**WORK ITEM:**
Beneath this task are records; print exactly the stretch of them from the line with "Wholesale plus super" through the line with "Algorithm for the", both ends included.

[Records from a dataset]
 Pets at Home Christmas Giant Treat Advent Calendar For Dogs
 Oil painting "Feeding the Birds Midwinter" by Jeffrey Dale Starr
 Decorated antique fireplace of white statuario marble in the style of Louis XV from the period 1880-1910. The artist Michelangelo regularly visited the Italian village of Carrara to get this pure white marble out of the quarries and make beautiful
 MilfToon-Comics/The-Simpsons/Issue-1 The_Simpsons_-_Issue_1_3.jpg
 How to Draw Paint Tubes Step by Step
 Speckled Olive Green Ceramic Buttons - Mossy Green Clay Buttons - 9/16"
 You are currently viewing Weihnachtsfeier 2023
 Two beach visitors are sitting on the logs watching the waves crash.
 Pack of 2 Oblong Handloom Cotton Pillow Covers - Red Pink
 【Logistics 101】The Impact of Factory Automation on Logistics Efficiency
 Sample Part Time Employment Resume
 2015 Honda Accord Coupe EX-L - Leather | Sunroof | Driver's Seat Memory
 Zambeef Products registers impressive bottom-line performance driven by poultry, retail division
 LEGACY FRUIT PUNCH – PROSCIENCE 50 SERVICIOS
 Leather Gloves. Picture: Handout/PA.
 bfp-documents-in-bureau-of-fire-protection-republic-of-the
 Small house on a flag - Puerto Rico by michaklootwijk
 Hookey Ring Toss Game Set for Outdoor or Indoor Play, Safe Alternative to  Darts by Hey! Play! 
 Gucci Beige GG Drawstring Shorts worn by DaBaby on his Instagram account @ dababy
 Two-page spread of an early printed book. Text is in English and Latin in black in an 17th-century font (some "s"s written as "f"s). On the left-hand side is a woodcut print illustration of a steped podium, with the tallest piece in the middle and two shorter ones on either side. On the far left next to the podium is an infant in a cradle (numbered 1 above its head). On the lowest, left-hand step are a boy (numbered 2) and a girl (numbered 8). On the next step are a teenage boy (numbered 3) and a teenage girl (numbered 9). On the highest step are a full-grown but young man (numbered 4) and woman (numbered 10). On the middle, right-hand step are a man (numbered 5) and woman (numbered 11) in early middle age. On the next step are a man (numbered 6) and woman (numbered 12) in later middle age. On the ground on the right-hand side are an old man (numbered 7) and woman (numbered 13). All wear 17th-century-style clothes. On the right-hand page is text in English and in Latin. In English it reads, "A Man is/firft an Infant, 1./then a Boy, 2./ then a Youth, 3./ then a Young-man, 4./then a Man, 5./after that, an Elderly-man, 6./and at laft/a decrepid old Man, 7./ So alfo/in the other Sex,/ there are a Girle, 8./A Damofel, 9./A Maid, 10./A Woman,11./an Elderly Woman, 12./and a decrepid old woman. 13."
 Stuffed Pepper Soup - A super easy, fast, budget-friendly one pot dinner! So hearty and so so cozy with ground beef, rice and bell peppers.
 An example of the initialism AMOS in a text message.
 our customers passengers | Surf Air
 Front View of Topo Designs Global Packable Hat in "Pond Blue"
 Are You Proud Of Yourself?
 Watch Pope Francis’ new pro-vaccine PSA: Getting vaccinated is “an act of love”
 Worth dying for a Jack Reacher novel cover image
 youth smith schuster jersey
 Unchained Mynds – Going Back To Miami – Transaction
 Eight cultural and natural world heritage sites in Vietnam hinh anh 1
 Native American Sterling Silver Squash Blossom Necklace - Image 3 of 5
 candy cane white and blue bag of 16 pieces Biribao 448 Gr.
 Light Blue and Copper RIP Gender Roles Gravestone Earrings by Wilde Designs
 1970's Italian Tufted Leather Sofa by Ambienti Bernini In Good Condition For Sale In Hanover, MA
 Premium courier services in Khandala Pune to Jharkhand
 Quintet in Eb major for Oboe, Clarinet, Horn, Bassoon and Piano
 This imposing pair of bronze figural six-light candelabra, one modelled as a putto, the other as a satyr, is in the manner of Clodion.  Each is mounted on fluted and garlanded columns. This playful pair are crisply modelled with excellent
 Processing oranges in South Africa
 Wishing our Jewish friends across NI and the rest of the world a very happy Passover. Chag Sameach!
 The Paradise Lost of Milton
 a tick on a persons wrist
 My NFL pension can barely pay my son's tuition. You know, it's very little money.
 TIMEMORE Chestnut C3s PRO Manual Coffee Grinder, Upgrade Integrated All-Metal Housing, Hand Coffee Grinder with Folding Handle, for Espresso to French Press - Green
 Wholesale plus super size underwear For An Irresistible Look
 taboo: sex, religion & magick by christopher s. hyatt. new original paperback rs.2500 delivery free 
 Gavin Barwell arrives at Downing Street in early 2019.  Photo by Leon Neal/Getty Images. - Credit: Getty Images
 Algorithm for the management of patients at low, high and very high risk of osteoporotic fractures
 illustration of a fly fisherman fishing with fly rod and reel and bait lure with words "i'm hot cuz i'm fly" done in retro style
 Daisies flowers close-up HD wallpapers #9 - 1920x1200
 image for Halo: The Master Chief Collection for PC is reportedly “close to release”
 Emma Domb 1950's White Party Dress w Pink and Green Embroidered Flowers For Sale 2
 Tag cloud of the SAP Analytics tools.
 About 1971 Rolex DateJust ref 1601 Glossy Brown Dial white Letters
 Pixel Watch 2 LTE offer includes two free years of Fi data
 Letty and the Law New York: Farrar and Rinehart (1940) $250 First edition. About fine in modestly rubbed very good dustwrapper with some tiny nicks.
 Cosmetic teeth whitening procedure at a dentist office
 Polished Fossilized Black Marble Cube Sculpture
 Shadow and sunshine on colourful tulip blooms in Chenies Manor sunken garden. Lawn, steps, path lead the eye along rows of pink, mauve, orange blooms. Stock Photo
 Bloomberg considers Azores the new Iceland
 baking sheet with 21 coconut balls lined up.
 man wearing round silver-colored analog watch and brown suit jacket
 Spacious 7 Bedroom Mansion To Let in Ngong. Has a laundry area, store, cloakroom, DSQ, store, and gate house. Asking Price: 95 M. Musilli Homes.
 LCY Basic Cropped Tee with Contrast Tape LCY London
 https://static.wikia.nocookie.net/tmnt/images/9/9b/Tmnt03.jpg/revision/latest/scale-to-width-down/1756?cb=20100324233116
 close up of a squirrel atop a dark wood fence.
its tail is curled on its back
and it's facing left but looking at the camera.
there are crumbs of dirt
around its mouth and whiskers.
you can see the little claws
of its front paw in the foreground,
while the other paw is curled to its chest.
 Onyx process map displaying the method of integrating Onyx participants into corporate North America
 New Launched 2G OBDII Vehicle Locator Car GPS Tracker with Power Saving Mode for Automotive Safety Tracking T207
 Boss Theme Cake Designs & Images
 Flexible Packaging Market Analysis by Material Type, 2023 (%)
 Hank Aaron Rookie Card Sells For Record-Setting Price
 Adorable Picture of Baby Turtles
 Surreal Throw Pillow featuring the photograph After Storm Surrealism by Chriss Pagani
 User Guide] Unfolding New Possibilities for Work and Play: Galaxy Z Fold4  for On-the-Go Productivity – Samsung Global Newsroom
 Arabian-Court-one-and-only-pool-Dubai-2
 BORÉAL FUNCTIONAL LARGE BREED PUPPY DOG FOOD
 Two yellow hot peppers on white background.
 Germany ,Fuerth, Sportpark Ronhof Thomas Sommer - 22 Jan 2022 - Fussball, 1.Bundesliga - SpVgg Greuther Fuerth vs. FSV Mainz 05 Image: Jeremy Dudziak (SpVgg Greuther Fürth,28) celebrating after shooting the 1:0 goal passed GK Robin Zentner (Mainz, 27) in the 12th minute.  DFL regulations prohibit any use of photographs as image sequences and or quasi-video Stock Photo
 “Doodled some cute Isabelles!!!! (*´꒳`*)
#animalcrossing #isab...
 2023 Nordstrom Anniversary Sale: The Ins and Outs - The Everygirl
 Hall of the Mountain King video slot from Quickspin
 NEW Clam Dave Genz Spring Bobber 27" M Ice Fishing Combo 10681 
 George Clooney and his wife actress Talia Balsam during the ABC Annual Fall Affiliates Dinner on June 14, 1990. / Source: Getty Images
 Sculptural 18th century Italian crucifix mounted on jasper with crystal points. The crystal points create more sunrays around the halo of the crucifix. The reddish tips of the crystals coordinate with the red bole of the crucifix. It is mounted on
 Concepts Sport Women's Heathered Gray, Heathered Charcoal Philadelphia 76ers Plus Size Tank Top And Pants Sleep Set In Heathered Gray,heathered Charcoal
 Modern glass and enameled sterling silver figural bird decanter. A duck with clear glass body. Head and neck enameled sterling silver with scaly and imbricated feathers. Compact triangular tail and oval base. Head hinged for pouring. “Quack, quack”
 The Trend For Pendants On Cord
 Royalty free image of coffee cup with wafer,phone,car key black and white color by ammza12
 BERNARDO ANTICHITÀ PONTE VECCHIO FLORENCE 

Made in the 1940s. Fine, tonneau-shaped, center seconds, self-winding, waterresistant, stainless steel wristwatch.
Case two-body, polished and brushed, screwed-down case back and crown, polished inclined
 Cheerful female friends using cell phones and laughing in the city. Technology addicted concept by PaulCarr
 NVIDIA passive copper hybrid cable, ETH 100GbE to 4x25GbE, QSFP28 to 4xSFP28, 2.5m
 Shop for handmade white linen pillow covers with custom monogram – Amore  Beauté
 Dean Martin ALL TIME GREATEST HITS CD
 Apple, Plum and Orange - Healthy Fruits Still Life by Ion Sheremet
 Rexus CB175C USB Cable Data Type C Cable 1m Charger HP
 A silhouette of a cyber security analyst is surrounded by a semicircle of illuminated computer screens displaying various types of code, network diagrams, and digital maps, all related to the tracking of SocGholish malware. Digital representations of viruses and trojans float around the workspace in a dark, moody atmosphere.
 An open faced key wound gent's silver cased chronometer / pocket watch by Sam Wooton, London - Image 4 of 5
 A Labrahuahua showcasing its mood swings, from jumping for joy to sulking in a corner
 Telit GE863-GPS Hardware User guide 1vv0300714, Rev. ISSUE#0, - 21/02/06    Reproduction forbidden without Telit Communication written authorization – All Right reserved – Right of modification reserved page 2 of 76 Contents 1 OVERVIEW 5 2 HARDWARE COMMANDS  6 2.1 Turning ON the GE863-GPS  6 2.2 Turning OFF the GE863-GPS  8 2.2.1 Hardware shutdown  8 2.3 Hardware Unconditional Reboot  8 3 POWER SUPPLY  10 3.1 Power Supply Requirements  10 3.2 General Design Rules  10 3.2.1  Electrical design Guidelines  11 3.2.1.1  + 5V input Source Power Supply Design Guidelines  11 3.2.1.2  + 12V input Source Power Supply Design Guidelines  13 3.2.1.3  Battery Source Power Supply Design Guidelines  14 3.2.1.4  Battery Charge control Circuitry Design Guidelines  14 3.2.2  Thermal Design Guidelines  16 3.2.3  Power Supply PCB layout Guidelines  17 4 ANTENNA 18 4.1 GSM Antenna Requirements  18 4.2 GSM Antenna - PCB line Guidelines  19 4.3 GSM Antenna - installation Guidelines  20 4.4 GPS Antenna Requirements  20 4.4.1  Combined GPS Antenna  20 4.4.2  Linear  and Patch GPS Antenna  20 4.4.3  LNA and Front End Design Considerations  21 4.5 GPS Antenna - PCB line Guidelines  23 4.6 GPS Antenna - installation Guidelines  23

**TASK RESULT:**
 Wholesale plus super size underwear For An Irresistible Look
 taboo: sex, religion & magick by christopher s. hyatt. new original paperback rs.2500 delivery free 
 Gavin Barwell arrives at Downing Street in early 2019.  Photo by Leon Neal/Getty Images. - Credit: Getty Images
 Algorithm for the management of patients at low, high and very high risk of osteoporotic fractures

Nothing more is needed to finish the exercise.